All pictures are to be dropped, and everything else in the data duplicated exactly.

-------- DATA BELOW --------

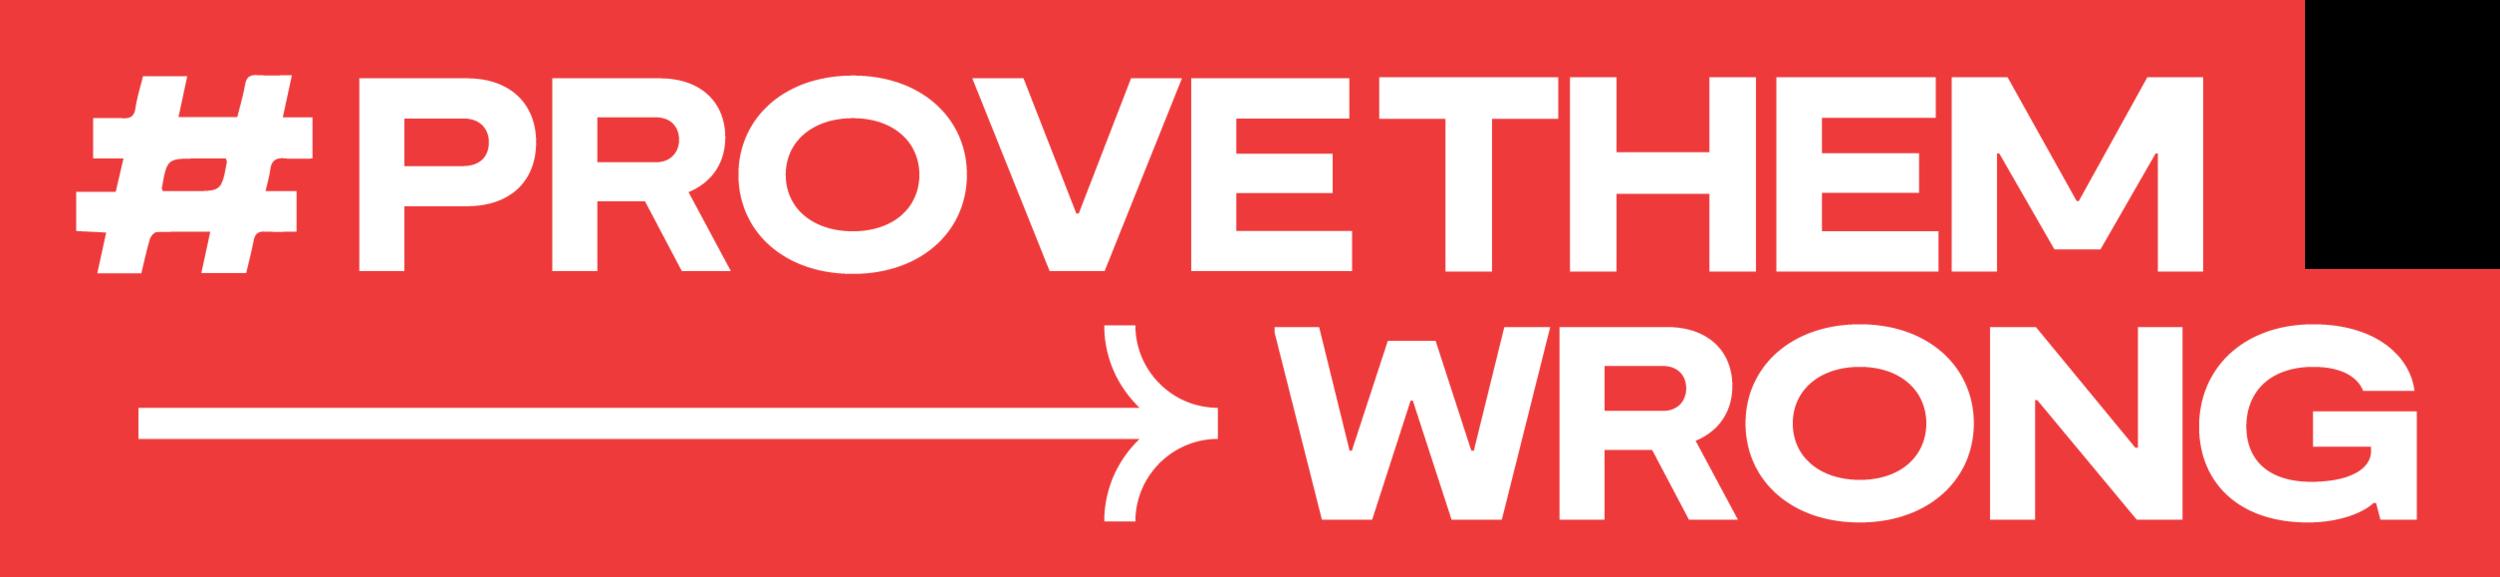 Logo 2 #ProveThemWrong.png
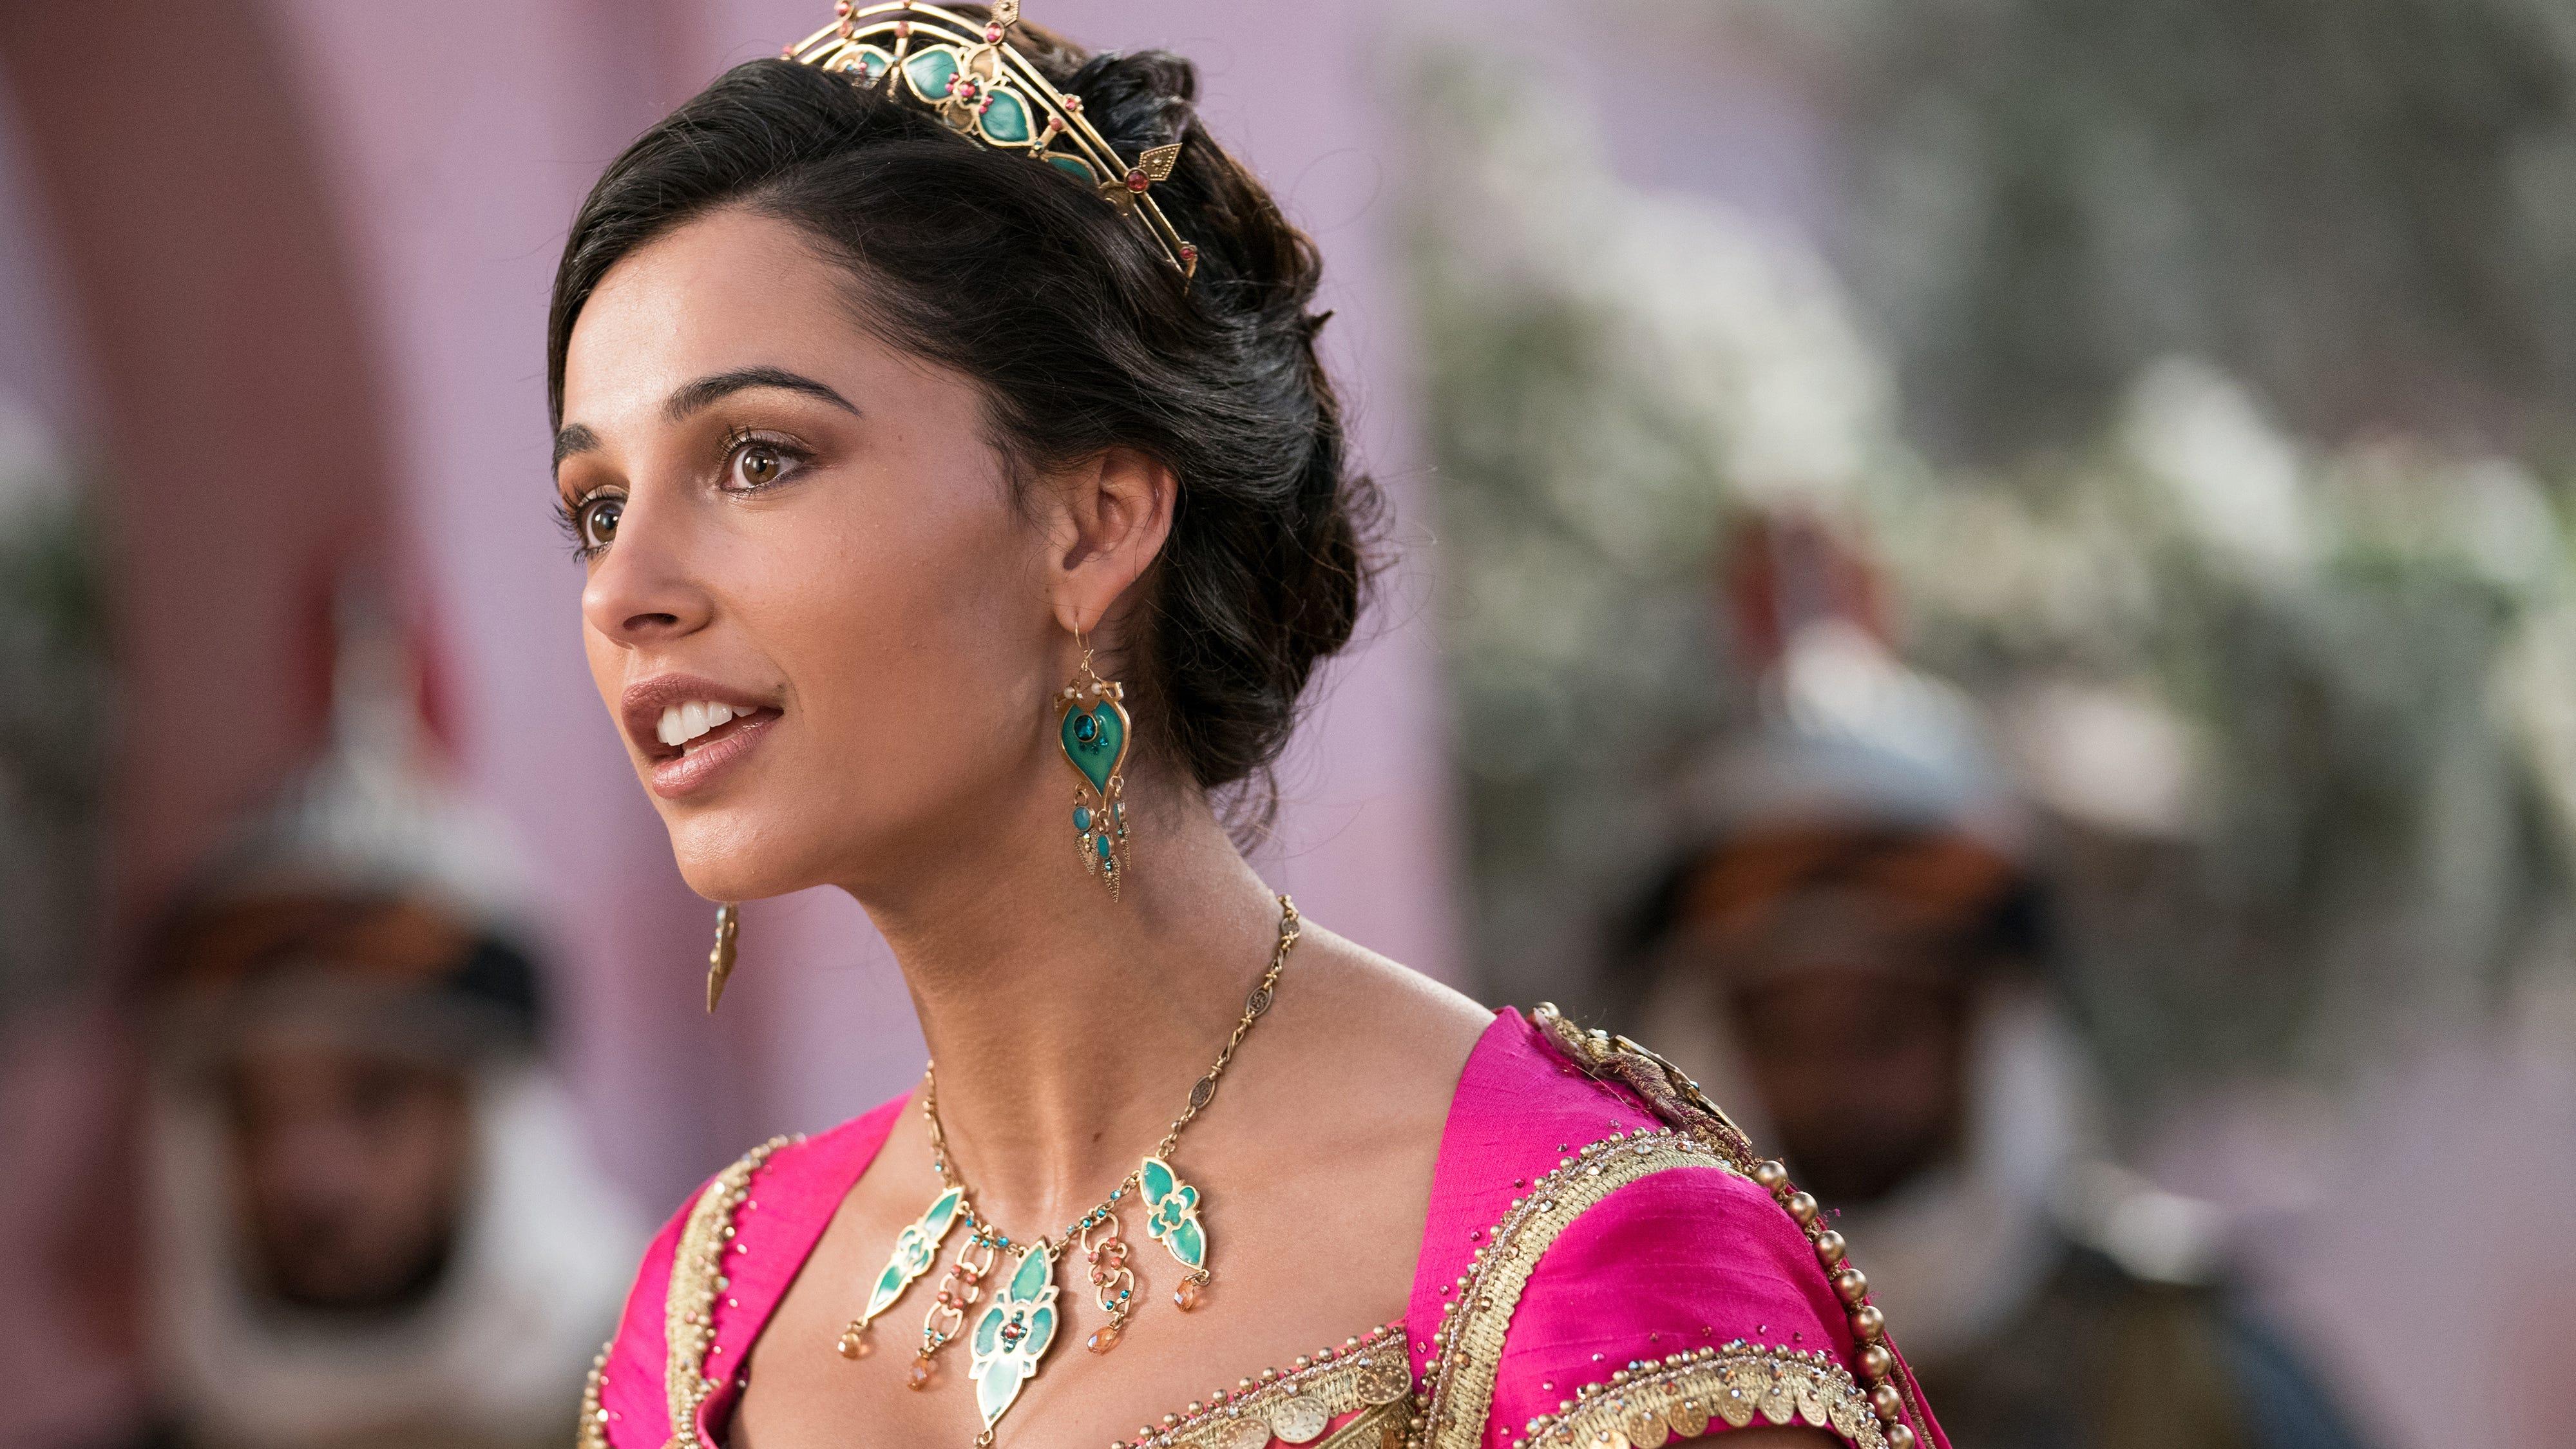 Aladdin 2019: 'Aladdin' Is A Whole New World For Latest Princess Jasmine
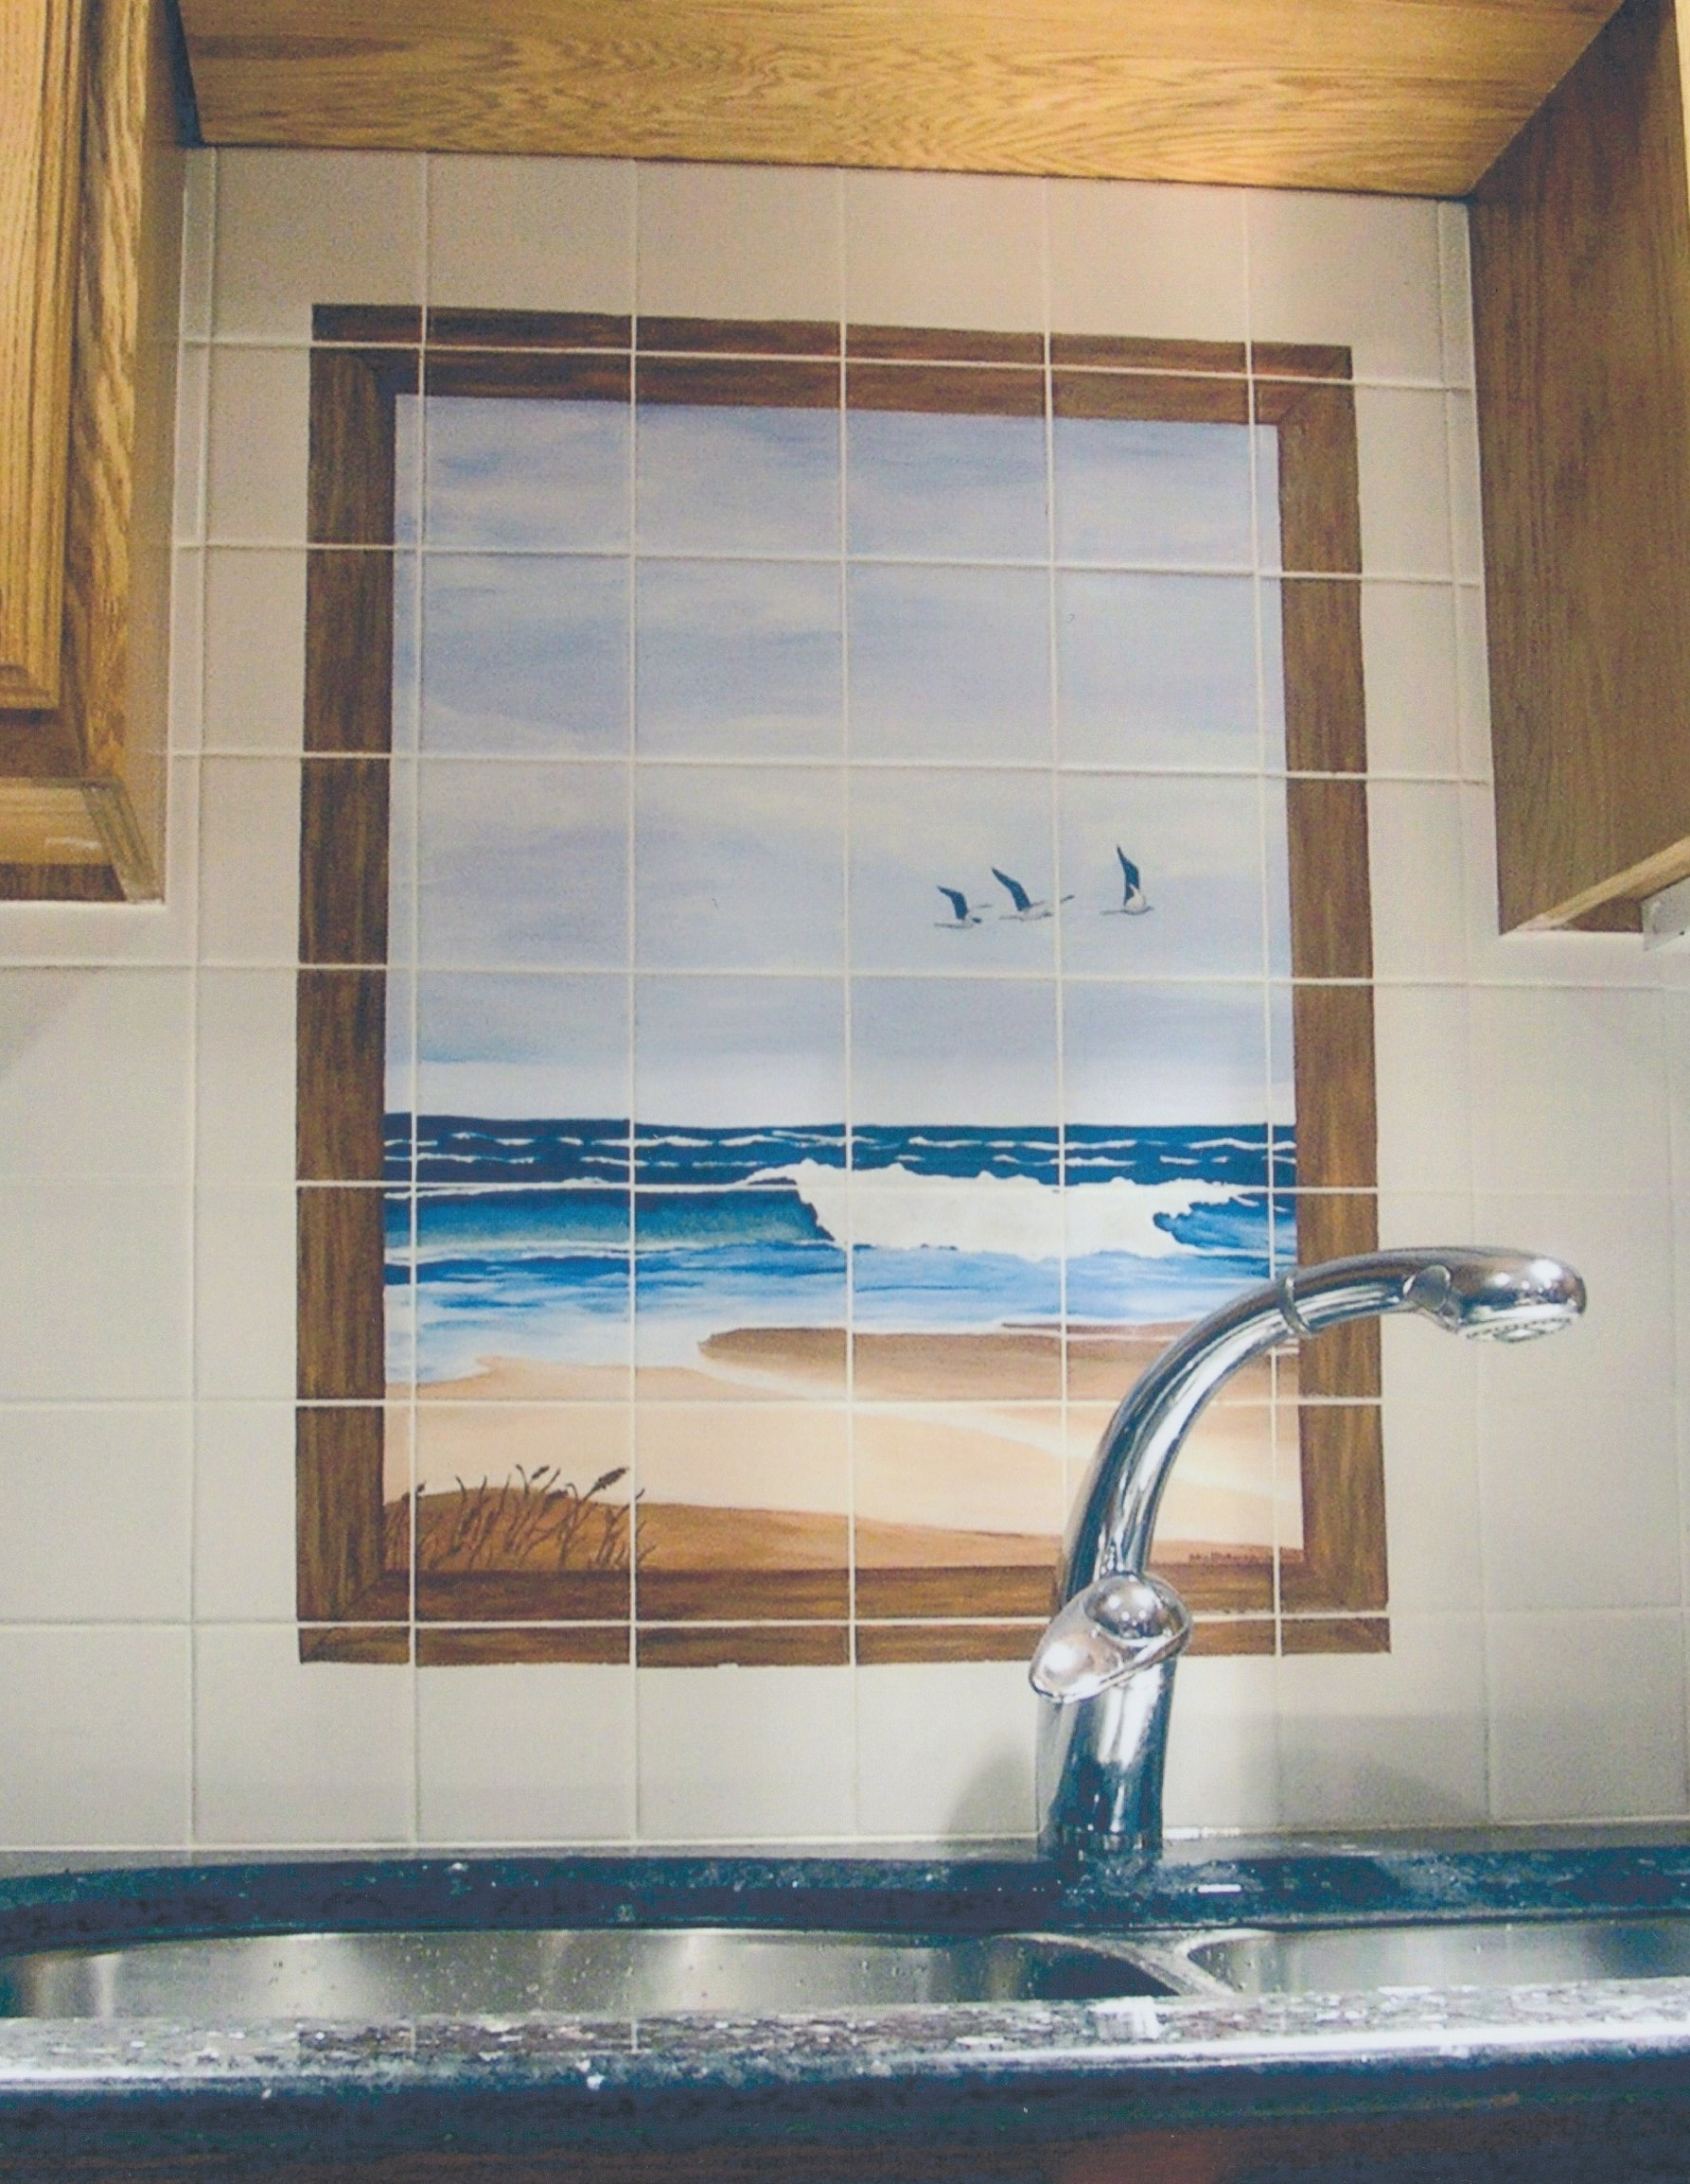 Trompe l'oeil, acrylic on tile

--------

▶ **WRITTEN SOLUTION**
 Logo 2 #ProveThemWrong.png
 Aladdin 2019: 'Aladdin' Is A Whole New World For Latest Princess Jasmine
 Trompe l'oeil, acrylic on tile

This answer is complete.